The Unfiltered Lens: A Review of Osvalde Lewat’s The Aquatics
Osvalde Lewat delivers a surgical critique of power and complicity in her debut novel, The Aquatics.
The Premise
Osvalde Lewat—a documentary filmmaker and photographer—transfers her meticulous observational eye to fiction in The Aquatics (Les Aquatiques). Set in Zambuena, a fictional surrogate for contemporary Cameroon, the narrative follows Katmé Abbia, the wife of a high-ranking official. Her life of curated prestige unravels when the state arrests her lifelong friend, Samy, for homosexuality. This crisis forces Katmé to confront the machinery of state cruelty and her own role in a culture built on erasure.
Who This Is For
- Literary Fiction Enthusiasts: Readers who value prose that functions as both a political tool and a work of art.
- Political Analysts: Those interested in the intersection of African traditionalism and modern statehood.
- Advocates for Human Rights: Anyone seeking a profound exploration of identity and the criminalization of personhood.
The Architecture of Silence
Translator Maren Baudet-Lackner preserves Lewat’s "fact-based fury." The prose carries a cinematic weight, contrasting the stifling salons of the elite with the "Aquatics"—a marginalized neighborhood defined by rising tides and social stagnation. Lewat uses water as a central metaphor: it is both a force of evolution and the weight of a crushing tradition.

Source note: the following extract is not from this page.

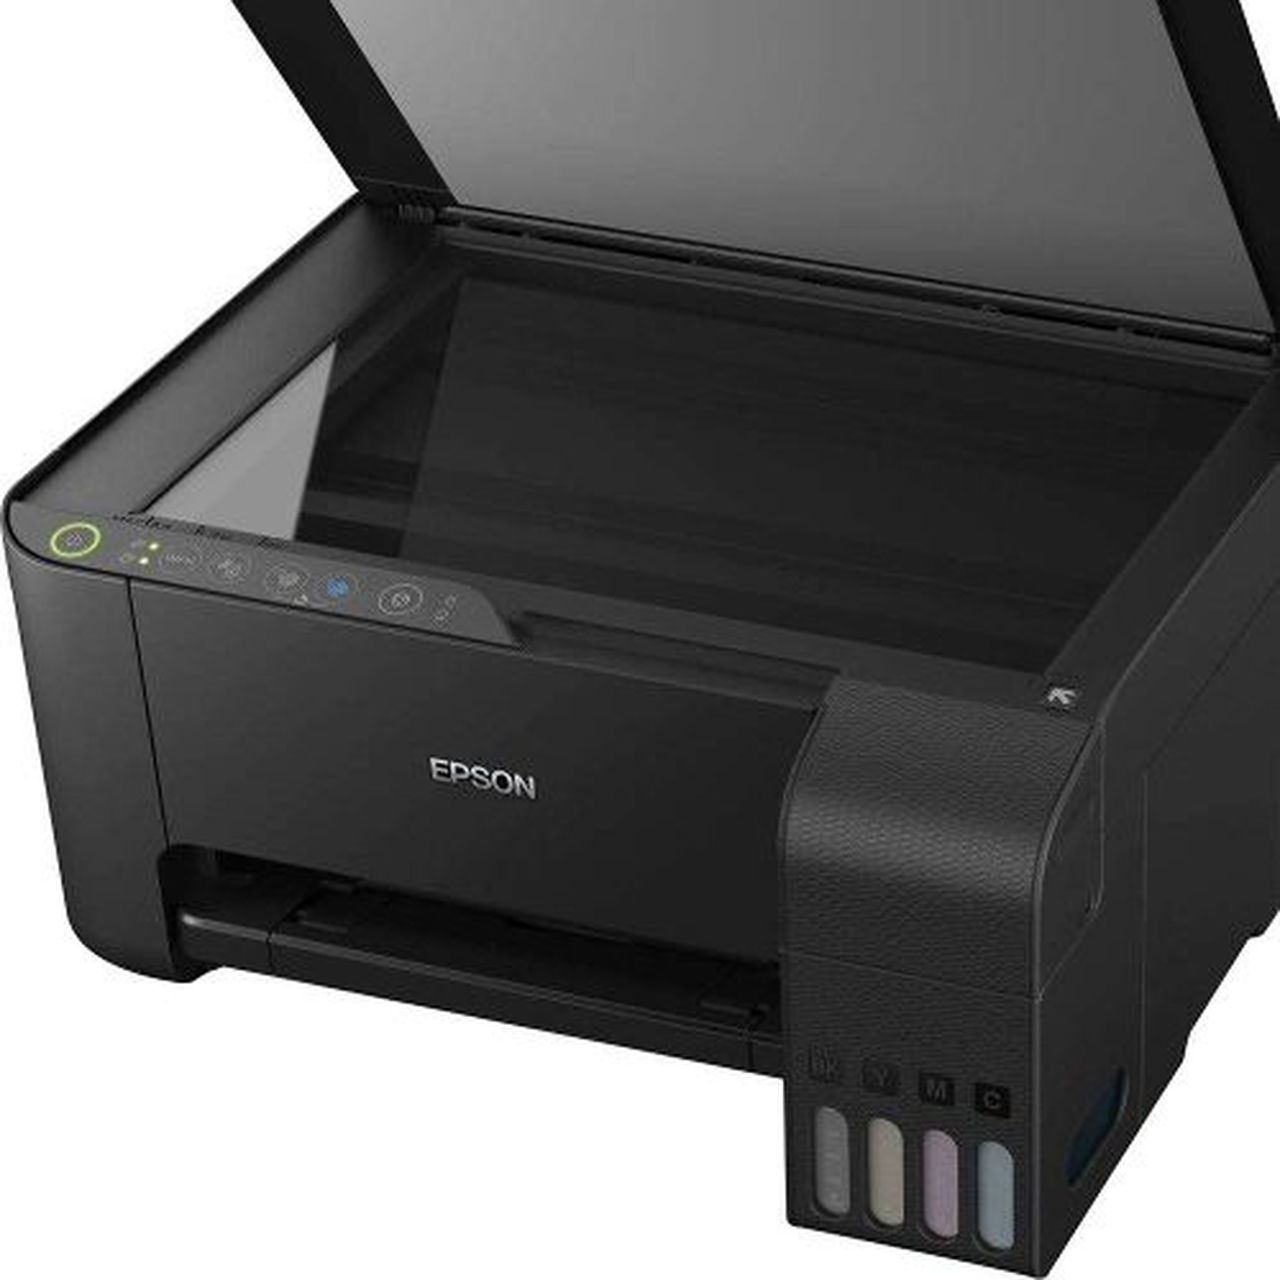 Impressora Multifuncional Epson L3150

Katmé Abbia is a masterfully executed protagonist. Lewat avoids the hero trope, presenting instead a woman undergoing a painful stripping of privilege. As her husband, Tashun, maneuvers through the cold mechanics of political survival, Katmé discovers the decay beneath the gilding. Lewat demonstrates that the personal is political; a simple act of loyalty triggers the total dissolution of a curated worldview.
"The simple act of seeking safety for a friend becomes the catalyst for the total dissolution of a woman’s worldview."
A Morality Tale for the Modern Age
The Aquatics transcends the political thriller genre through lyrical depth. Lewat frames the criminalization of identity as a spiritual crisis rather than a mere legislative failure. The narrative poses a vital question: What is the cost of security when it requires the suffering of others? Samy, the artist, serves as the novel's incandescent core—a provocation the state remains desperate to censor.
Lewat’s background in documentary storytelling shines in her "visual writing." Her narrator’s gaze mimics a close-up lens, capturing the minute tremors of a hand or the seismic shifts in a character's expression. The "Aquatics" neighborhood serves as the essential liminal space where the concrete structures of power meet the fluid uncertainty of truth.
Our Verdict
Rating: 9/10
The Aquatics is a necessary meditation on loyalty and the grit required to live truthfully. Lewat establishes herself as a formidable voice in world literature. This is an essential read for those who demand fiction with gravity and technical precision.